Electron transfer in nitrogenase analyzed by Marcus theory: evidence for gating by MgATP.

Nitrogenase-catalyzed substrate reduction reactions require electron transfer between two component proteins, the iron (Fe) protein and the molybdenum-iron (MoFe) protein, in a reaction that is coupled to the hydrolysis of MgATP. In the present work, electron transfer (Marcus) theory has been applied to nitrogenase electron transfer reactions to gain insights into possible roles for MgATP in this reaction. Evidence is presented indicating that an event associated with either MgATP binding or hydrolysis acts to gate electron transfer between the two component proteins. In addition, evidence is presented that the reaction mechanism can be fundamentally changed such that electron transfer becomes rate-limiting by the alteration of a single amino acid within the nitrogenase Fe protein (deletion of Leu 127, L127 Delta).

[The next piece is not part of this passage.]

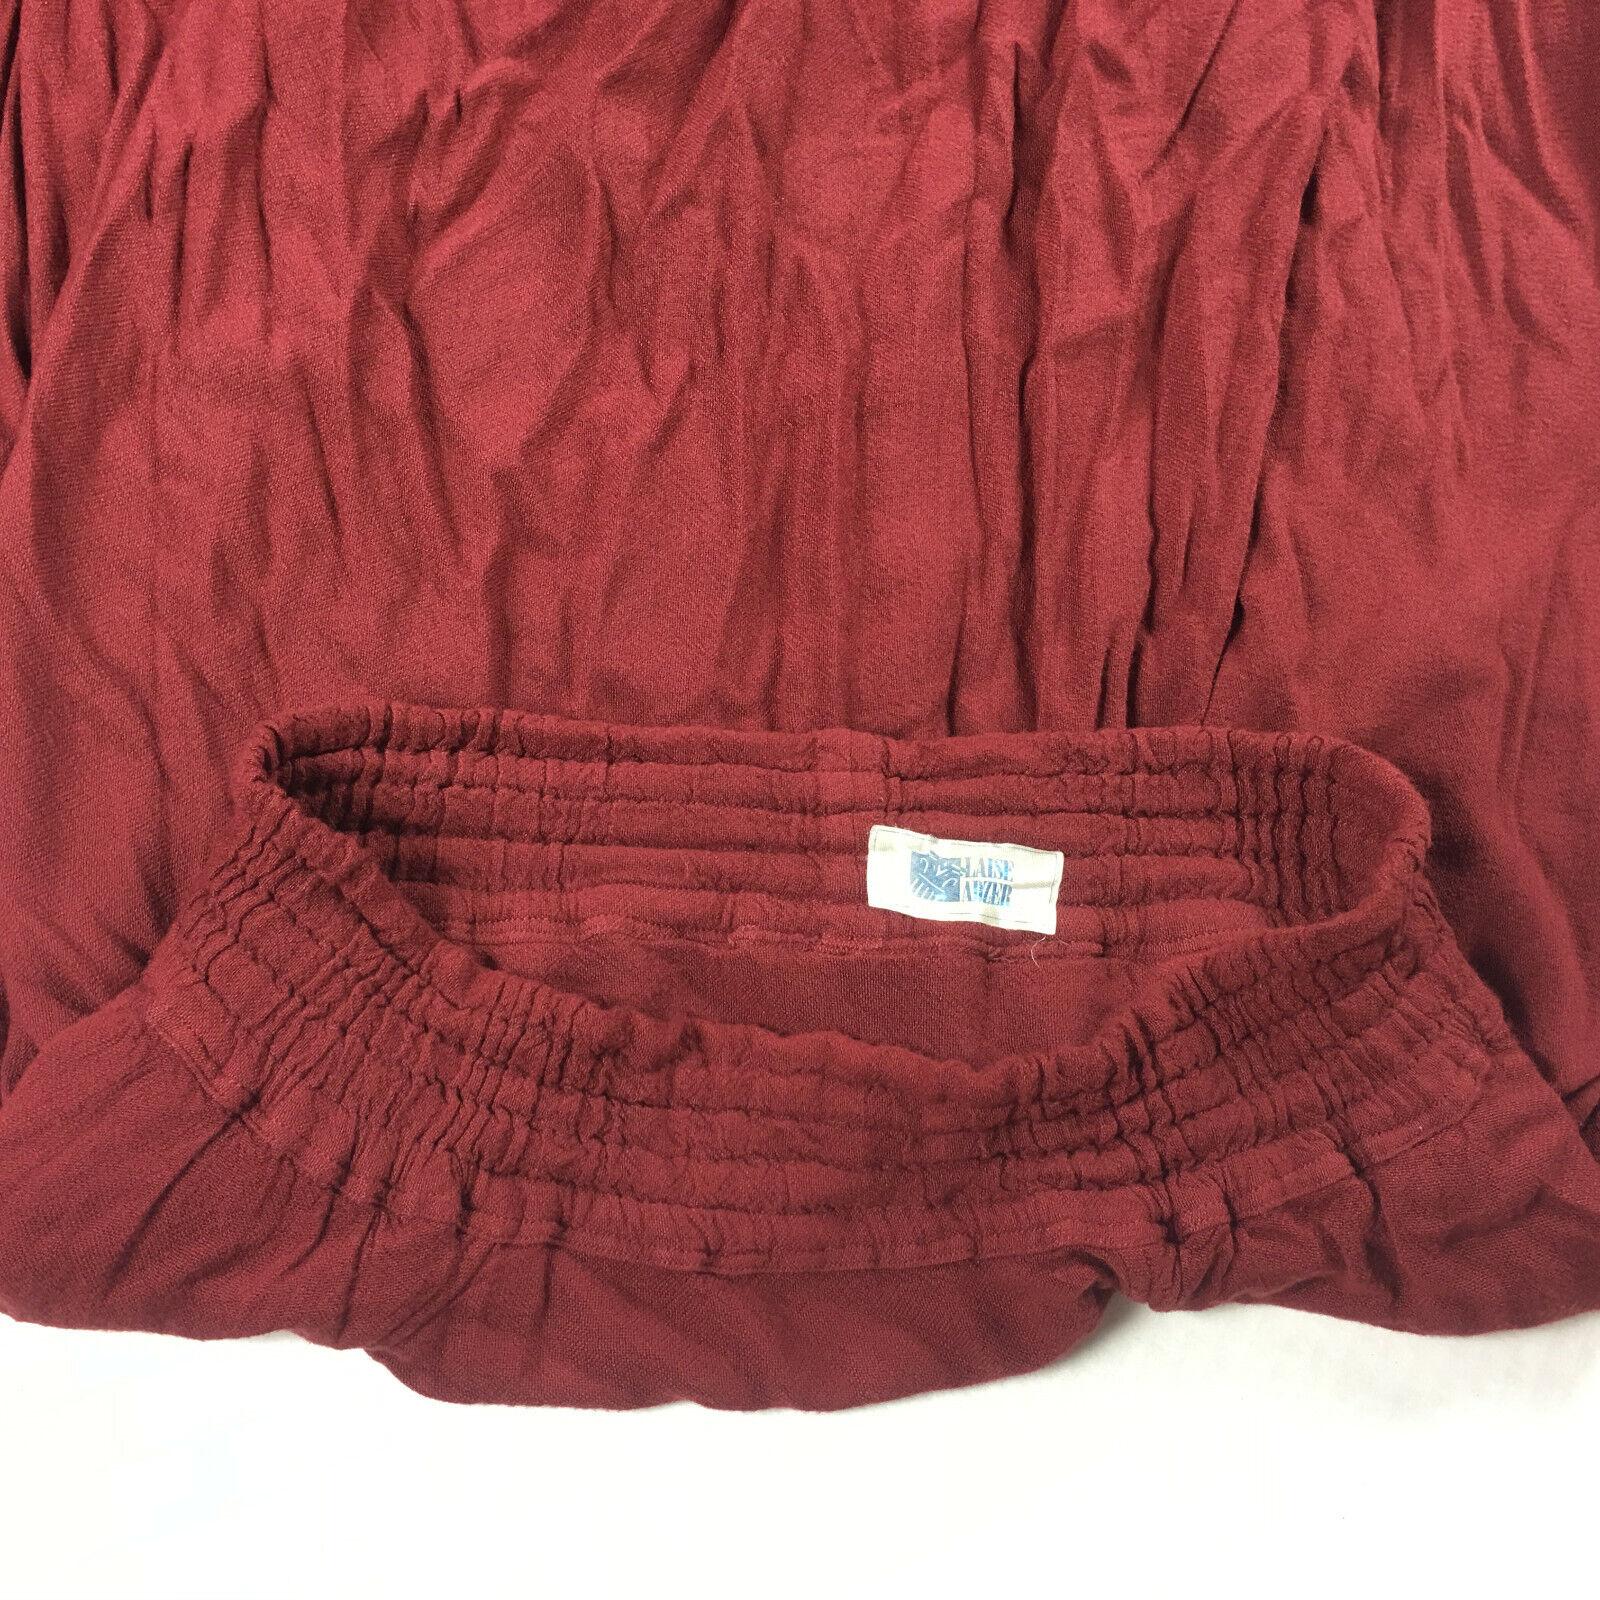 Laise Adzer Skirt Women's Small Medium Large Lage… - image 6
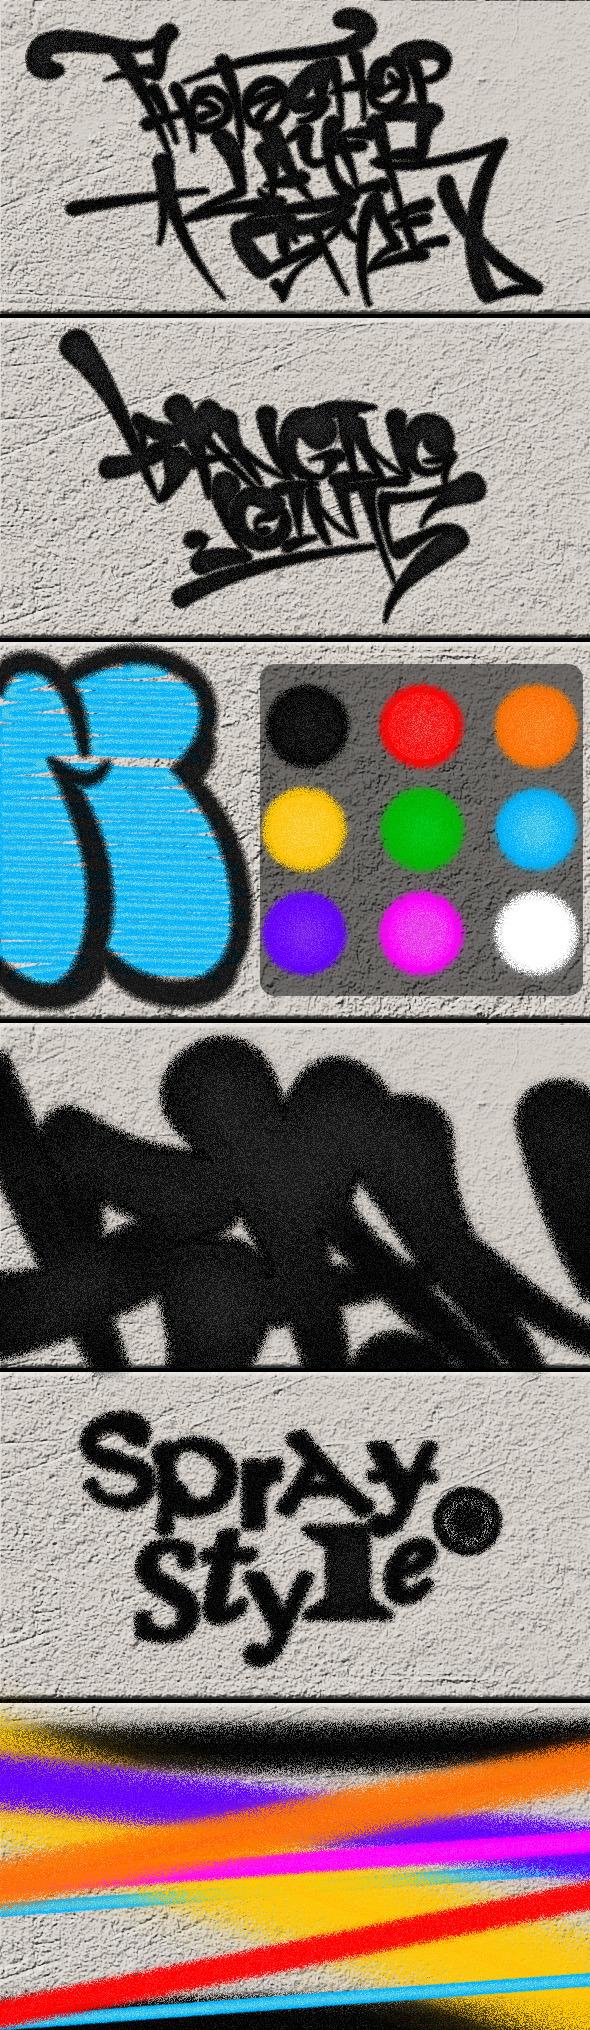 Spray Photoshop Styles - Styles Photoshop

These studies utilized the temperature dependence of intercomponent electron transfer within two different nitrogenase complexes: the wild-type nitrogenase complex that requires MgATP for electron transfer and the L127 Delta Fe protein-MoFe protein complex that does not require MgATP for electron transfer. It was found that the wild-type nitrogenase electron transfer reaction did not conform to Marcus theory, suggesting that an adiabatic event associated with MgATP interaction precedes electron transfer and is rate-limiting. Application of transition state theory provided activation parameters for this rate-limiting step. In contrast, electron transfer from the L127 Delta Fe protein variant to the MoFe protein (which does not require MgATP hydrolysis) was found to be described by Marcus theory, indicating that electron transfer was rate-limiting. Marcus parameters were determined for this reaction with a reorganization energy (lambda) of 2.4 eV, a coupling constant (HAB) of 0.9 cm-1, a free energy change (Delta G' degrees ) of -22.0 kJ/mol, and a donor-acceptor distance (r) of 14 A. These values are consistent with parameters deduced for electron transfer reactions in other protein-protein systems where electron transfer is rate-limiting. Finally, the electron transfer reaction within the L127 Delta Fe protein-MoFe protein complex was found to be reversible. These results are discussed in the context of models for how MgATP interactions might be coupled to electron transfer in nitrogenase.